▶ [Aim of the exercise]: Once the pictures are removed, restate the data below word for word.

▶ [Dataset content]:
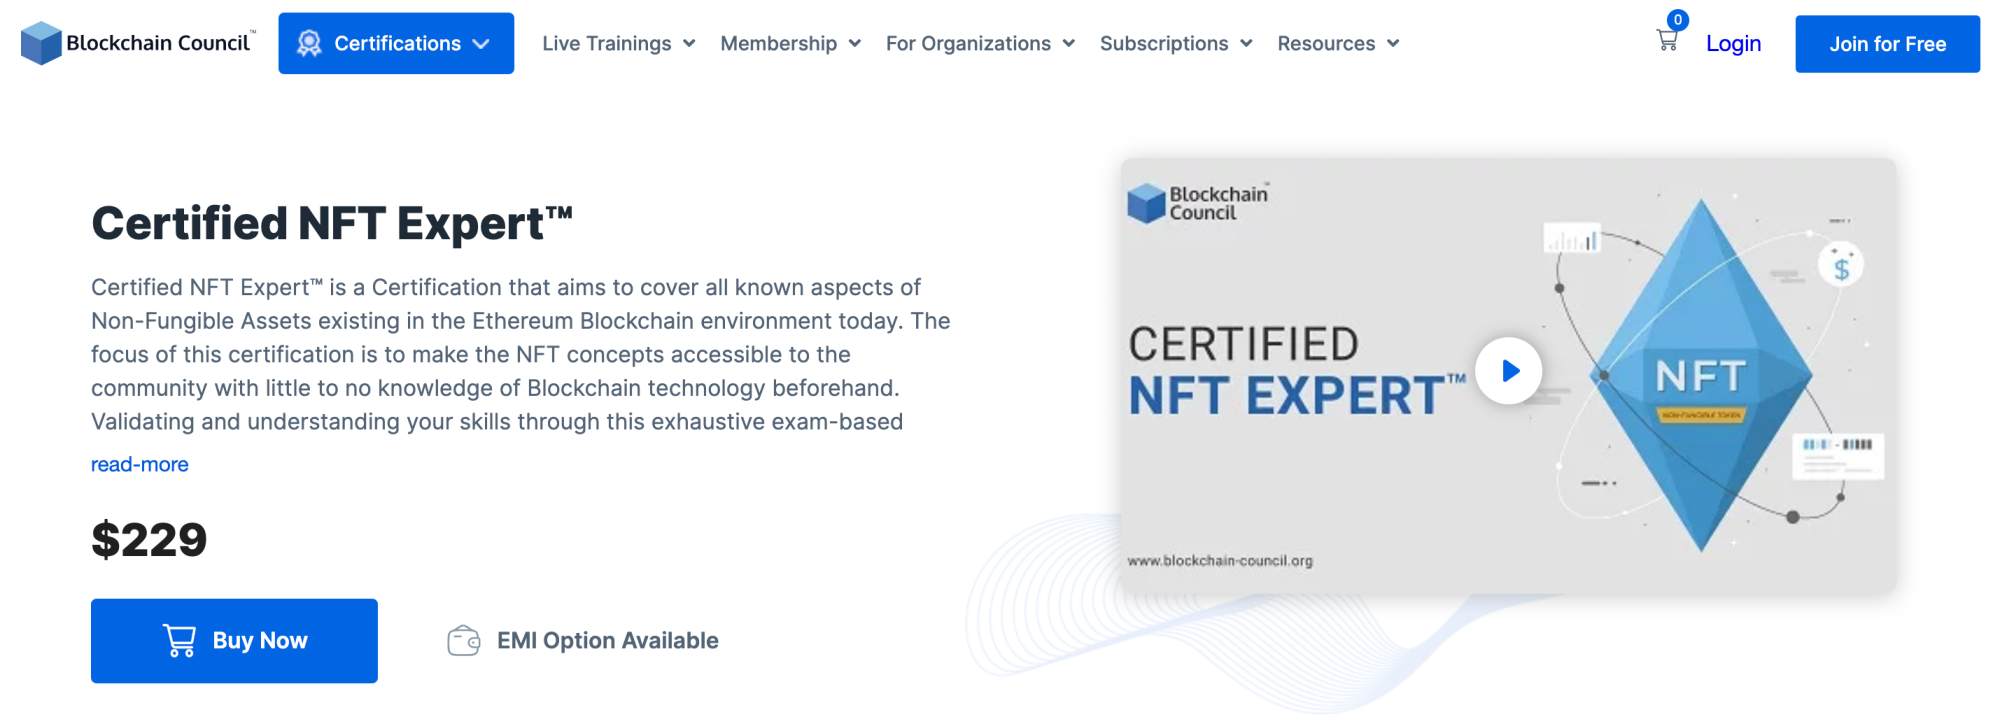 Certified NFT Expert course 
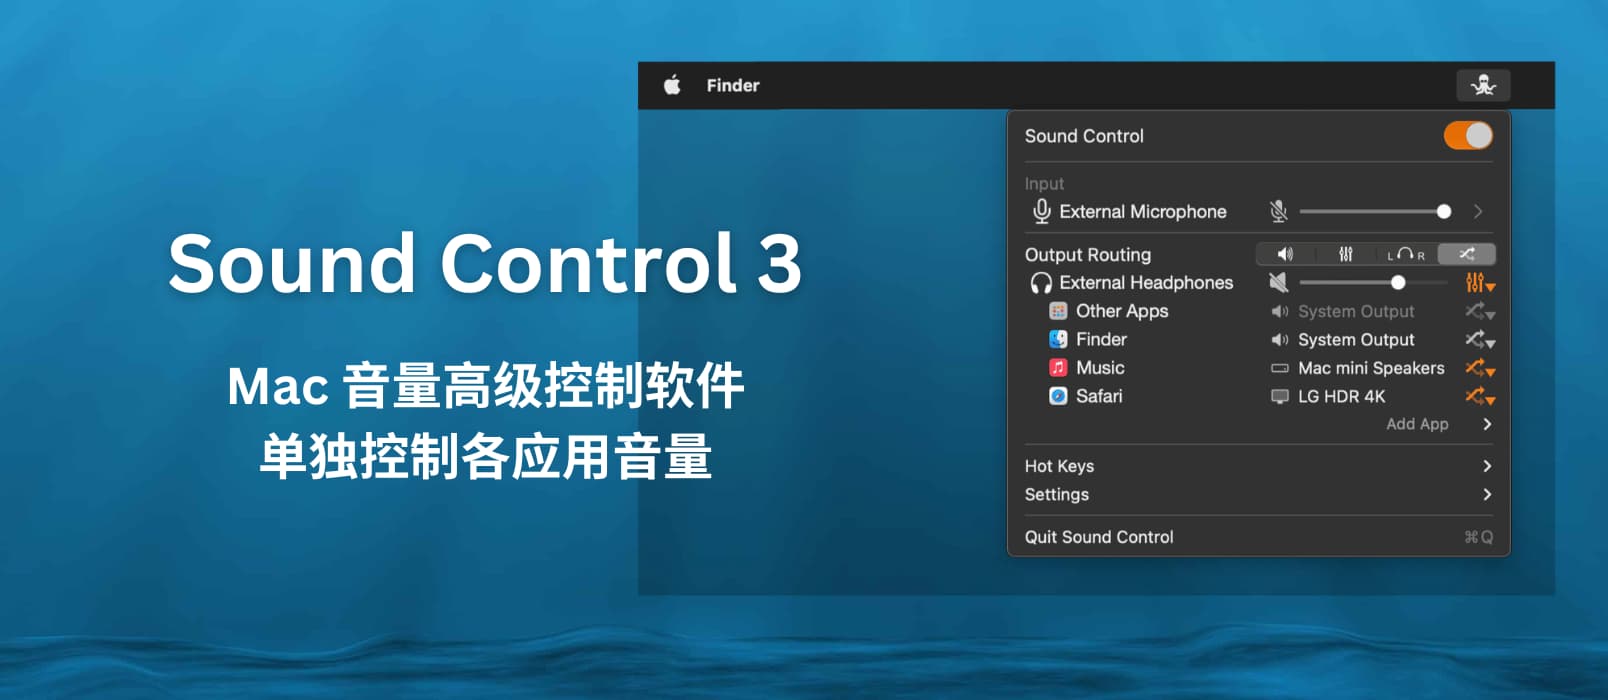 Sound Control 3 - Mac 音量高级控制：单独控制各应用音量
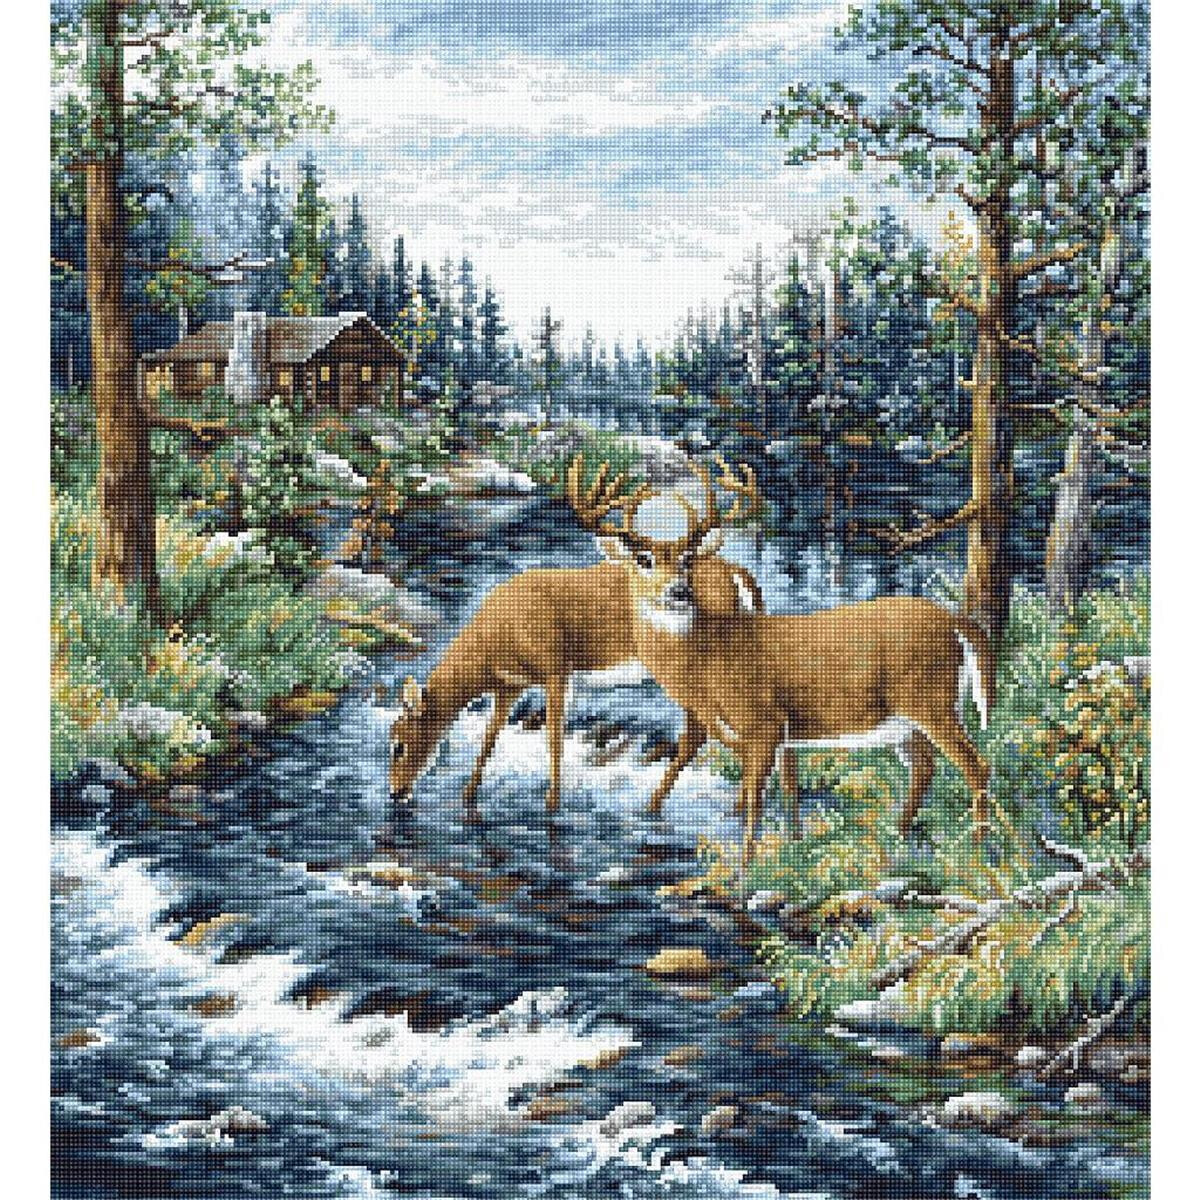 В спокойном лесу два оленя пьют воду из ручья. Олени...
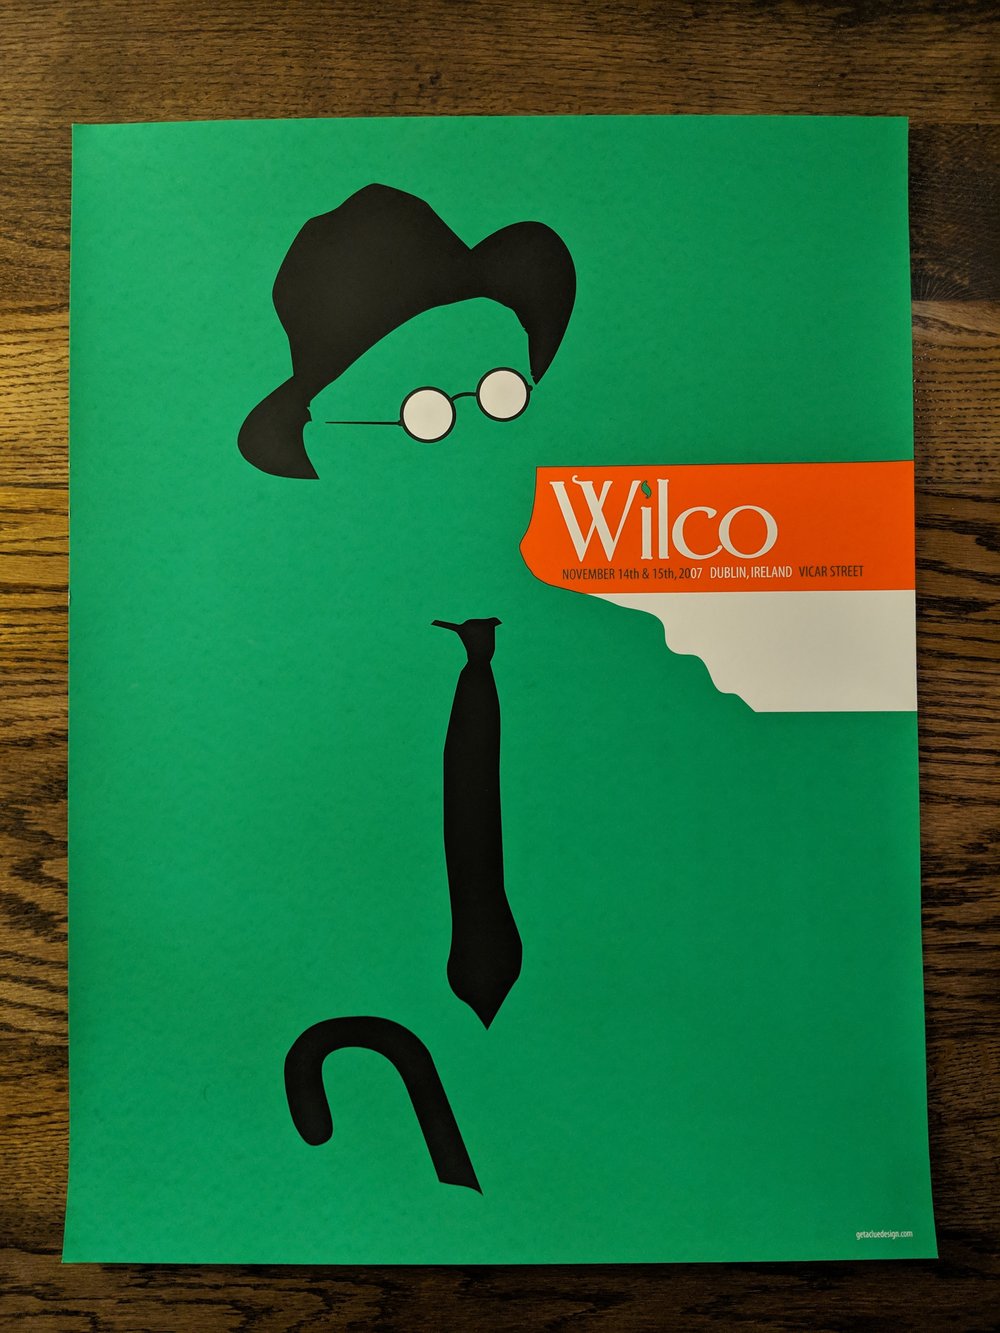 Wilco, Dublin, Ireland. **RARE**

▶ [Task output]:
 Certified NFT Expert course 
 Sound Control 3 - Mac 音量高级控制：单独控制各应用音量
 В спокойном лесу два оленя пьют воду из ручья. Олени...
 Wilco, Dublin, Ireland. **RARE**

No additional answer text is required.